International Air Travel Association (IATA) predicted the aviation industry’s global revenues would fall by $300 billion in 2020. Airlines around the globe have grounded aircraft and cut operations significantly. Airlines are also laying off thousands of employees. Last week, Warren Buffet held Berkshire Hathway sold off their entire stake in all US-based carriers.

Now with China reopening their aviation market, airlines are hoping to make a quick recovery. Global airlines are keenly observing the reopening. As Chinese holiday season starting 1 May took off, airlines added many flights as Beijing relaxed restrictions. In a bid to encourage passengers to travel, airlines slashed fares significantly. To support airlines, the Chinese government subsidised ATF (Aviation Turbine Fuel) price by almost 50 per cent.

In March, domestic aviation market saw a sharp rise in passenger load factor, yields and revenues. Around 6000 daily flights are operating around China, meaning that the carriers are able to restart 50 per cent of their operations. Destinations which are leading the increase in passenger loads are commercial centres like Guangdong, Zhejiang, Shanghai, Sichuan and Yunnan.

With regards to international flights, China is currently allowing one route per country with one flight per week. Although the domestic aviation market comprised more than 60 per cent of passenger revenue last year, restarting international operations will help the industry bounce back faster. An analytics company ForwardKeys believe that the spurt in passenger load domestically solved only half the problem. Allowing international operations would allow tourists to enter the country,  eventually increasing the demand locally.

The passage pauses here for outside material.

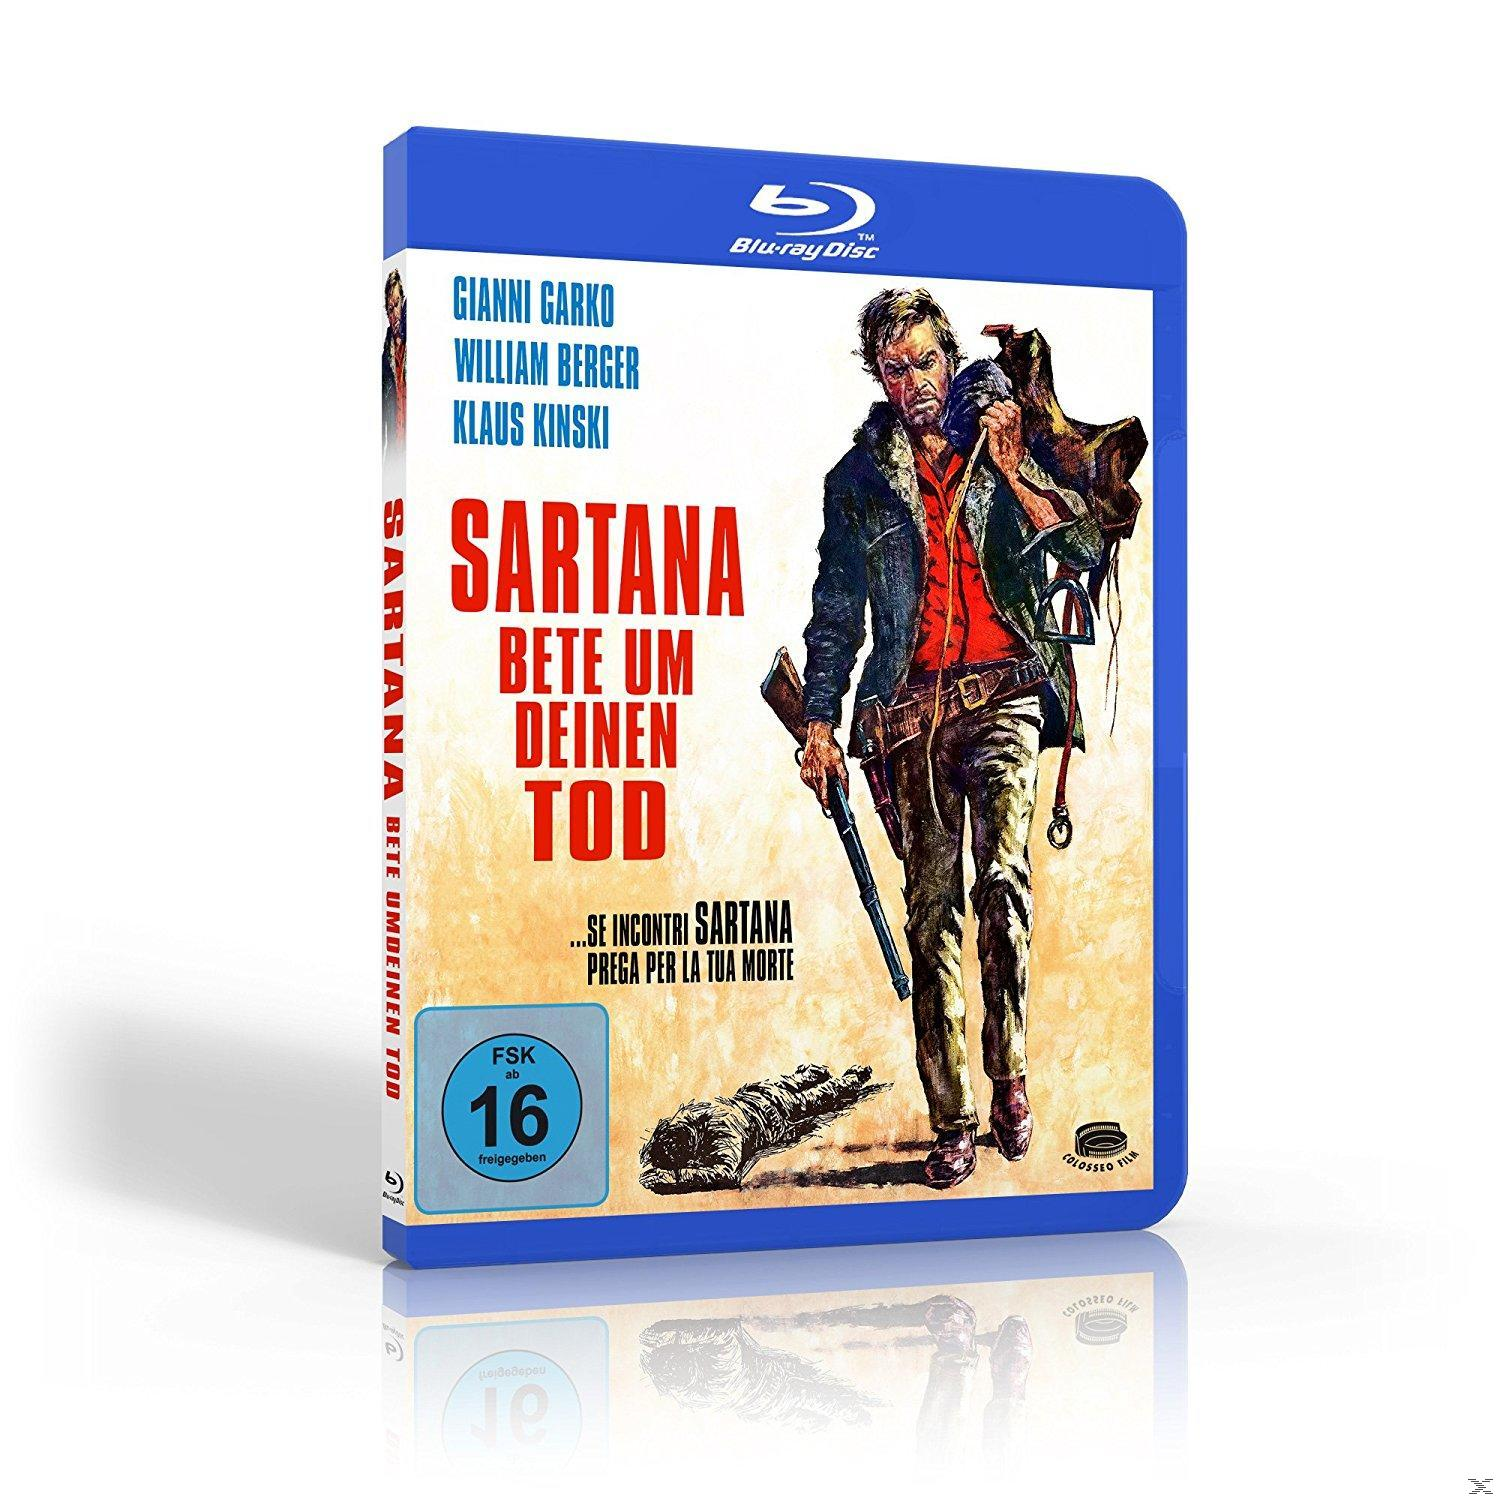 um Blu-ray Tod Bete - deinen Sartana
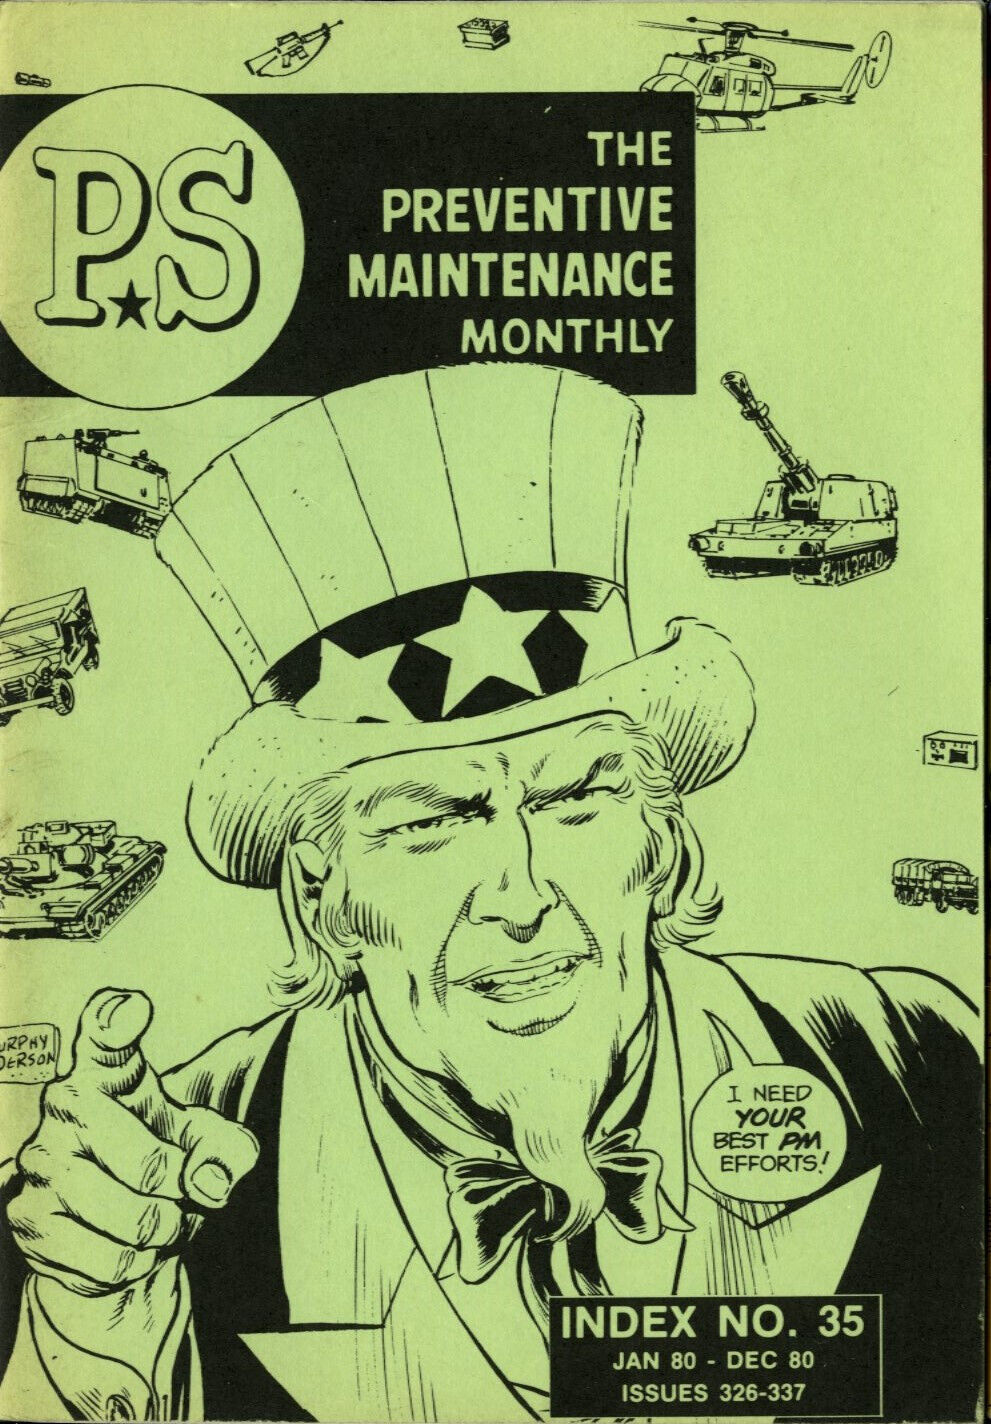 US Army PS The Preventive Maintenance Monthly Index No. 35 Jan-Dec 1980 (STLC)

”Whilst this looks like the emergence of the proverbial ‘green shoots’ of recovery; it is a domestic phenomenon; and Chinese international air traffic is still falling.” said by Olivier Ponti, VP Insights, ForwardKeys

According to Nikkei Asian Review, the three state-owned Chinese airlines reported a loss of $1.98 billion for the first quarter. Despite the losses, the three airlines China Eastern, China Southern and Air China, were able to rake up to $5 billion through bond issuances. Although private-owned airlines are facing an uphill task to sustain financially, the lifting of restrictions will bring in good revenues.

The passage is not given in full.